Wann ist das Kind normal? Wofür steht überhaupt der Begriff Normalsein? Dieser Begriff beschreibt das erwünschte Verhalten des Kindes – zuhören, leise sein, im Unterricht nicht malen, zuschauen wenn jemand mit dir redet… Allerdings kennen Kinder die Vorstellungen der Erwachsenen von Normalsein nicht. Und wenn wir ihnen sagen, sie seien nicht normal, glauben sie uns. Leider. Denn die Vorstellung der Erwachsenen für das Normalsein berührt oft auf ihren eigenen unverarbeiteten Traumata aus der Kindheit.

Zu diesem Thema inspirierte mich ein Gespräch, dass ich am Anfang des Schuljahres mit Chris (10) führte. Chris kam in diesem Schuljahr neu in unsere Klasse. Unsere Schule ist eine Förderschule für Kinder mit sozial – emotionalen Schwerpunkt. Ich war neugierig, was er zu erzählen hat.

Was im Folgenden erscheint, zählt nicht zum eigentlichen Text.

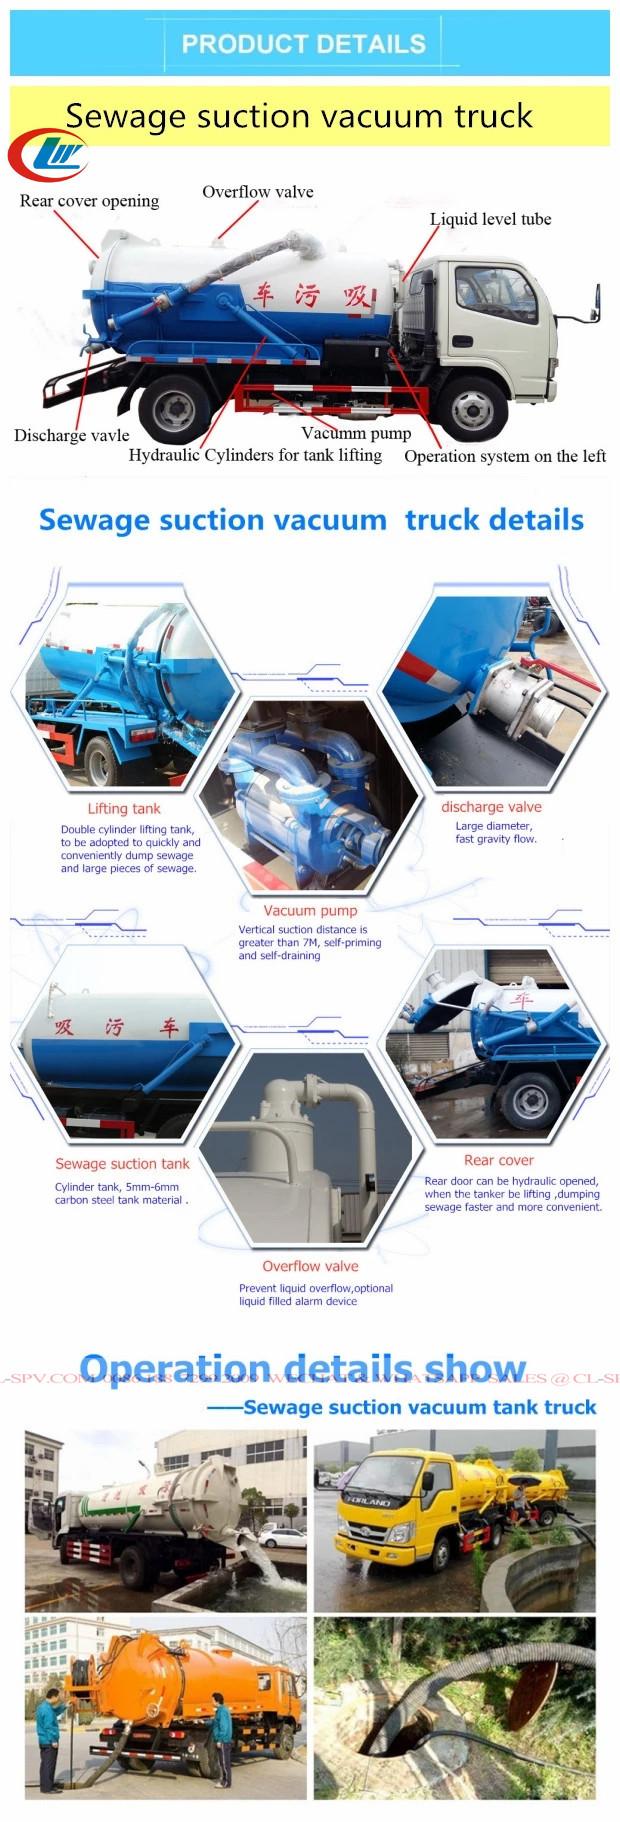 Howo ویکیوم سیوریج فضلہ ٹرک کی تفصیلات

Und so habe ich ihn gefragt:

“Warum bist du zu uns in diese Schule gekommen?”
“Weil ich nicht normal bin.” Antwortete Chris.
“Wer hat es gesagt?”
“Meine Mama.”
“Und denkst du, dass du nicht normal bist?”
“Ja.” 

In dem Gespräch mit Chris habe ich mir gedacht: Er soll nicht mit dem Gedanken weiterleben, dass er nicht normal sei! 

Und da ich weiß, dass die Kinder oft von ihren inneren Tiger beherrscht werden und mit ihm verwechselt werden, habe ich das Gespräch ausgeführt. 

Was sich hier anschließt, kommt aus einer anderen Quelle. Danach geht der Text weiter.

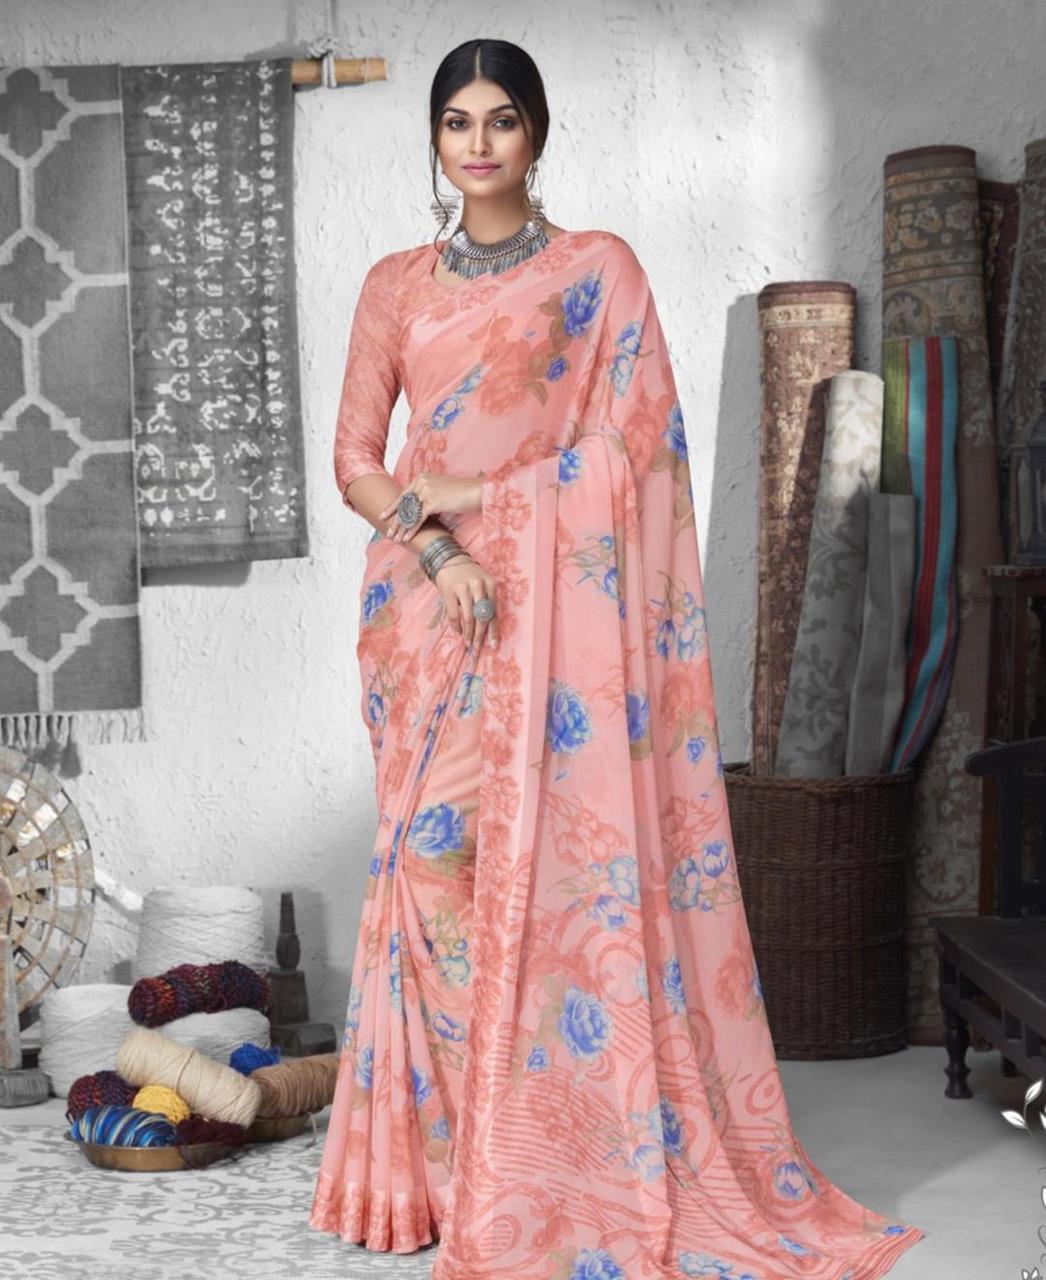 Printed Chiffon Saree in Peach

“Was findest du an dir nicht normal?”
“Ich schäme mich.” Sagte Chris.
“Wofür schämst du dich denn?” Fragte ich ihn.
„Für mein Verhalten?”
“Welches Verhalten denn?”
“Ich raste schnell aus und passe im Unterricht nicht auf.”
“Vielleicht hast du nur einen schusseligen Tiger in dir. Du kannst aber deinen Tiger zähmen und ihm ordentliches Verhalten beibringen. Was sagst du?”
“Ja.”
“Also. Bist du normal oder nicht?”
“Ich bin normal.”

Chris wurde in eine Förderschule versetzt, weil er in seiner vorherigen Schule im Unterricht nur malte. Die Erwachsenen konnten sich sein Verhalten nicht erklären. Seine Mama hat ihm als nicht normal bezeichnet. Manchmal unterschätzen die Erwachsenen die Kraft ihrer Wörter. Was wir Kindern sagen, speichern sie in ihrem Inneren und glauben daran. Dabei stimmt es oft nicht. Was sie brauchen ist unsere Unterstützung, damit sie sich akzeptiert fühlen, sich selbst verstehen und lernen, ihr Verhalten bewusst zu steuern. 

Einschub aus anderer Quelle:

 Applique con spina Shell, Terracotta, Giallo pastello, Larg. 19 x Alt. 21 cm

Wie können wir die Kinder sinnvoll unterstützen?

Kinder haben immer einen Grund für ihr Verhalten. Im Fall von Chris wäre es zielführend die Ursachen für sein Verhalten zu ergründen. Was gefällt ihm am Malen? Was hat er davon? Wann malt er am liebsten? Über Gespräche können wir ziemlich viele Informationen über die Kinder erfahren. Wichtig ist, dass wir an das Gespräch ohne Wertung herangehen. Zeigen wir Interesse, stellen wir fragen, hören wir zu. Das beste Mittel um den Zugang zum Kind zu bekommen ist das wahre Interesse für sein Inneres.

Kinder sind Menschen wie wir. Auch sie wollen das Geschehen um sie herum verstehen. Sie wollen die Gründe unseres sowie ihres eigenes Verhalten verstehen. Damit sie ihre Zukunft bewusst im Einklang mit sich selbst gestallten können.